Living Food Company (LFC) co-founder and CEO Akash Sajith’s mother and father were both diagnosed with cancer in May 2014 and March 2018. He wondered how his non-smoking, vegetarian parents could get cancer. A deep dive into cancer research revealed because of ground water being polluted by carcinogenic substances. “In Karnataka, the cropping patterns have altered over the last 30 years to move away from Ragi and other millets that grow exceedingly well in dry, arid areas. Instead, the cultivation of water-intensive crops that deplete water resources as well as nutrients in soil has increased.

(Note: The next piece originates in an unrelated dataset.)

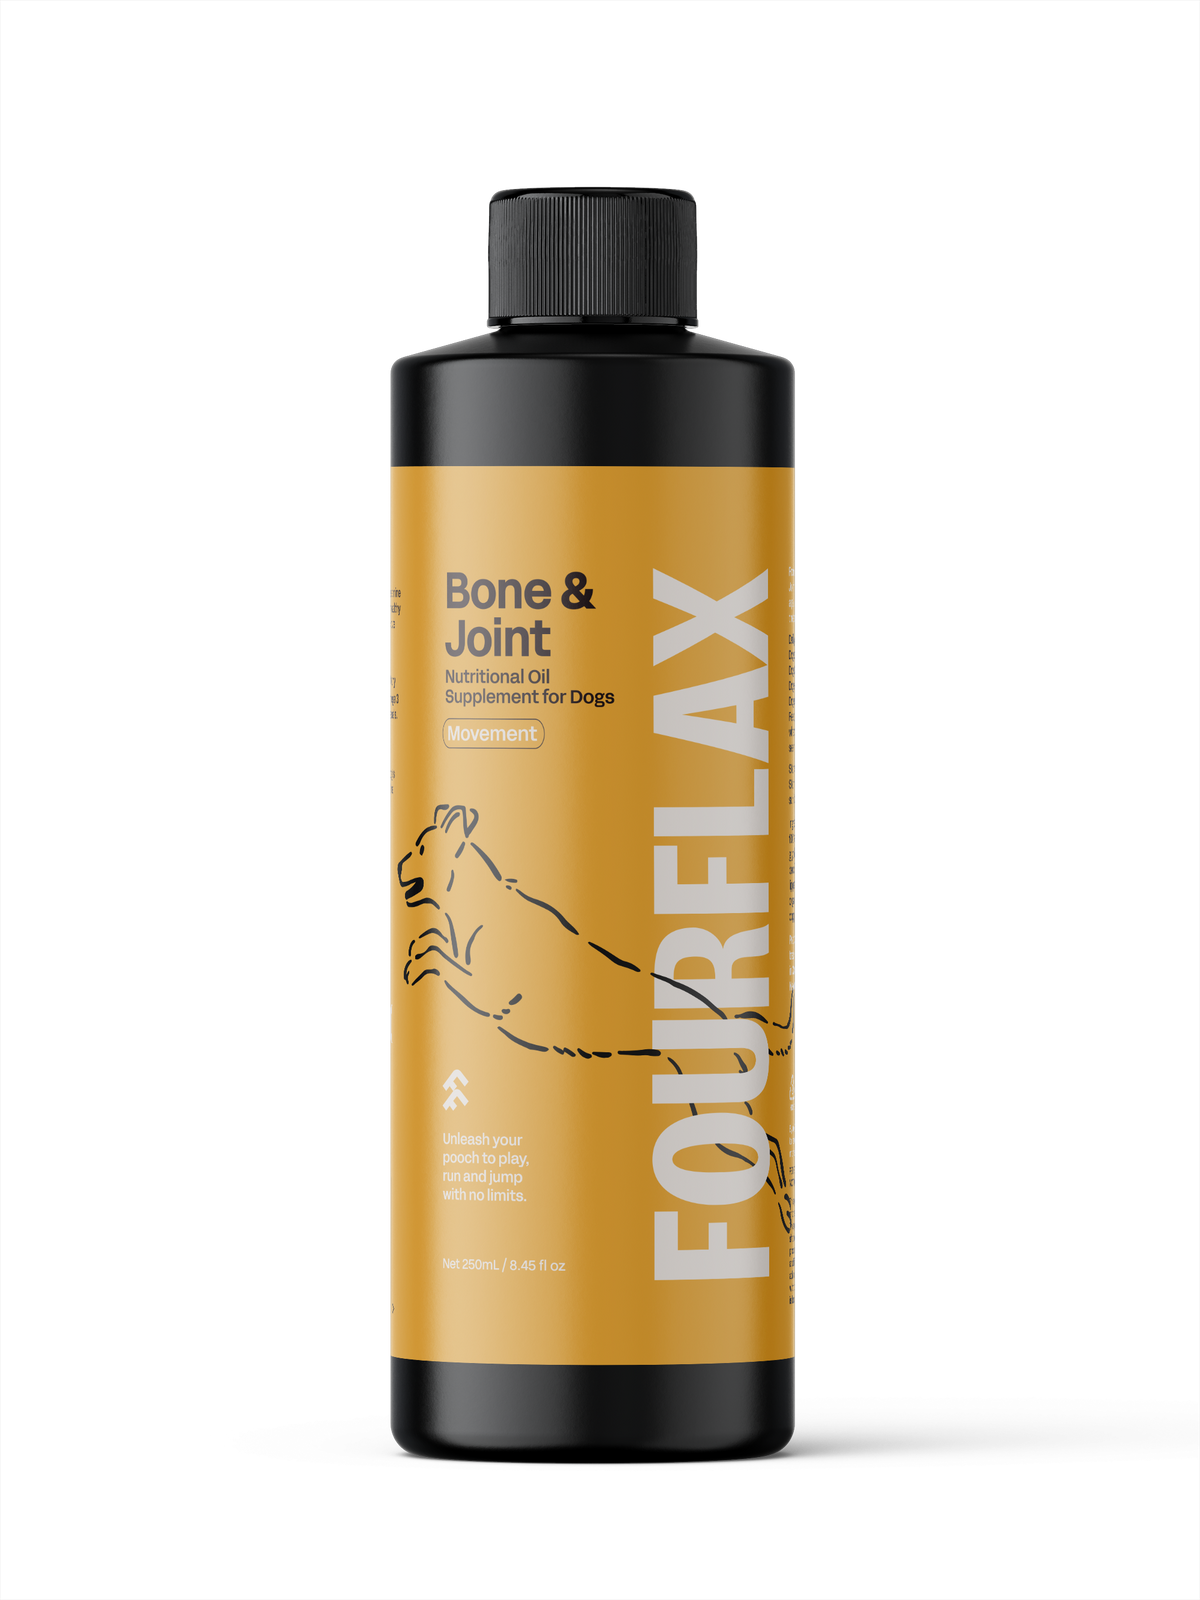 Fourflax bone and joint oil 250ml

For example, the area under sugarcane cultivation in Karnataka has increased by five times in the last 25 years. Research has shown that sugarcane has adverse effects on the nutrition profile of soil and contributes significantly to soil degradation. This coupled with indiscriminate and unregulated use of pesticides is severely affecting the groundwater and soil contamination levels. During 2016-17, Indians consumed close to 57,000 MT of chemical pesticides through food, including those that have been banned in other countries (source: Ministry of Agriculture data),” says Akash.

Having access to the natural, chemical free gourmet produce is beneficial than those expensive trips to supermarkets.